* EXTRACTED MATERIAL
==========
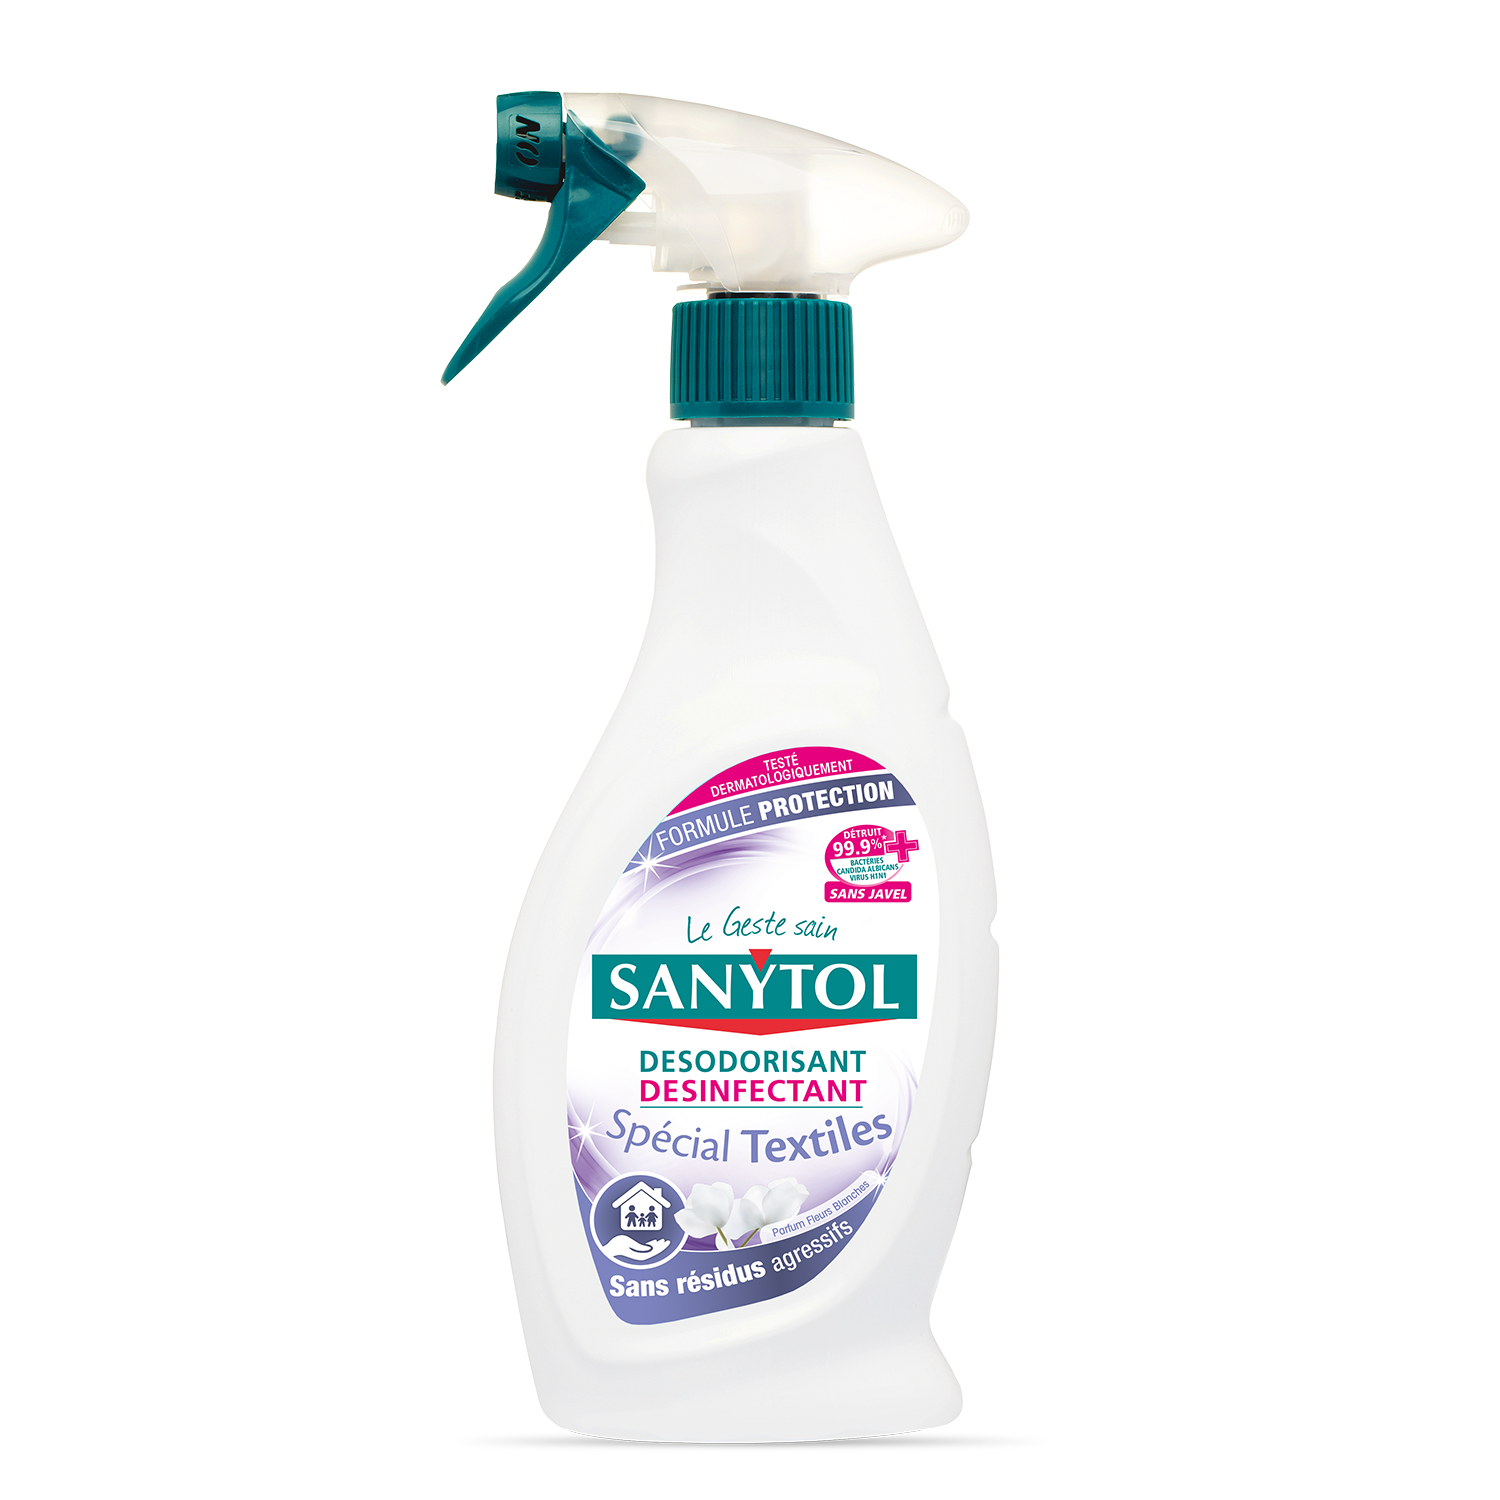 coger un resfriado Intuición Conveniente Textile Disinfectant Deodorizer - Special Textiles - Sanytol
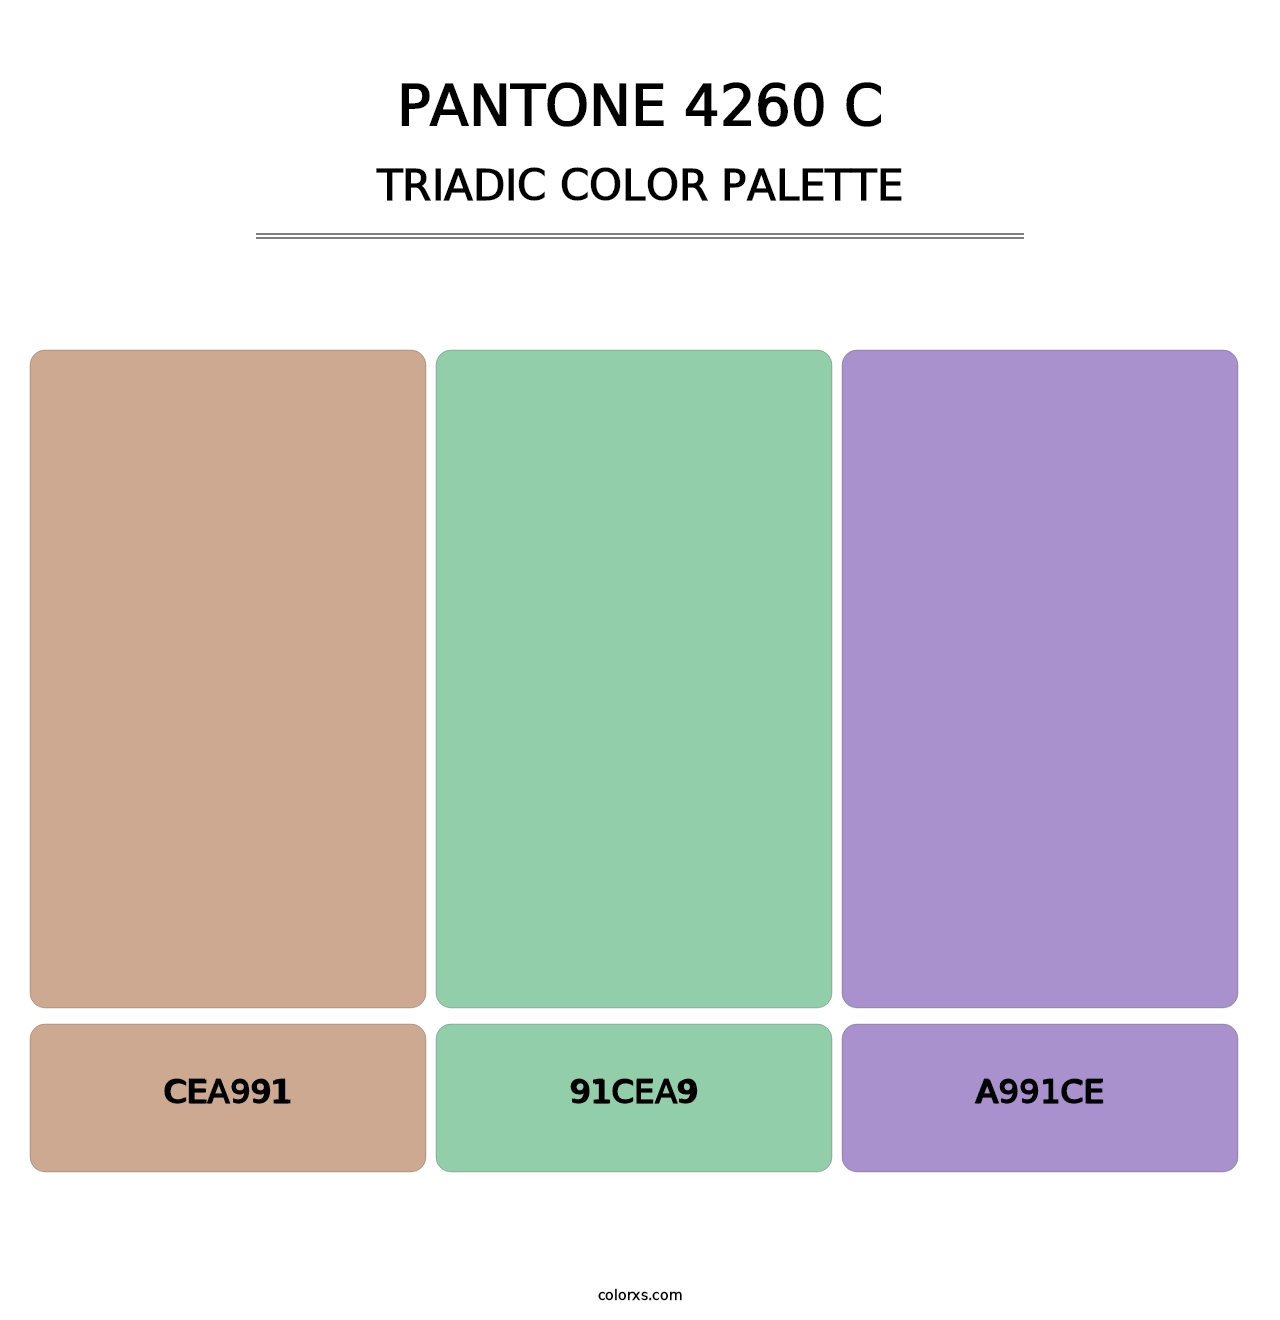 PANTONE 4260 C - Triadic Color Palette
==========
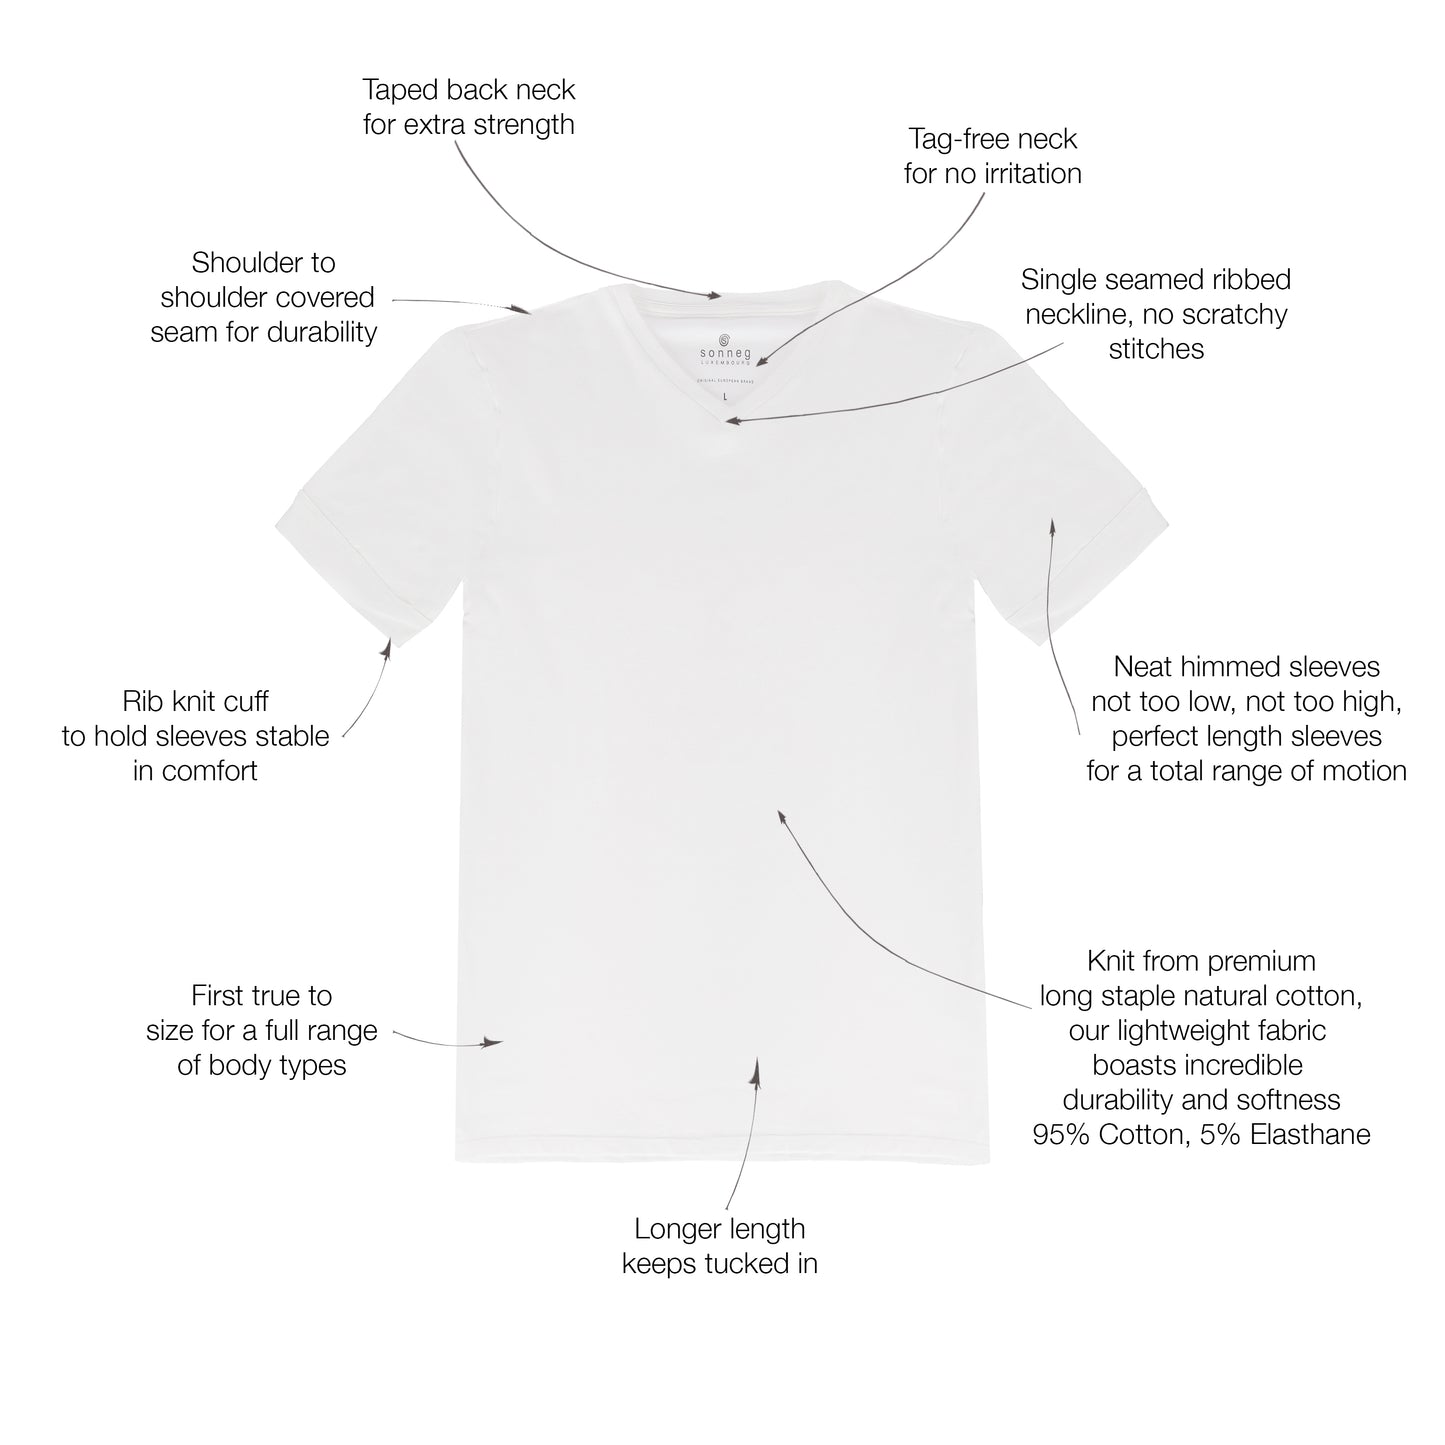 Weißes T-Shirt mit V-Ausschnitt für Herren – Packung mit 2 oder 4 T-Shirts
==========
* GOAL OF THE EXERCISE
Only the lines above from the one with "coger un resfriado" to the one with "PANTONE 4260 C - Triadic Color Palette" should be printed, both included and exactly as written; no picture belongs in the copy.

* YOUR SOLUTION
 coger un resfriado Intuición Conveniente Textile Disinfectant Deodorizer - Special Textiles - Sanytol
 PANTONE 4260 C - Triadic Color Palette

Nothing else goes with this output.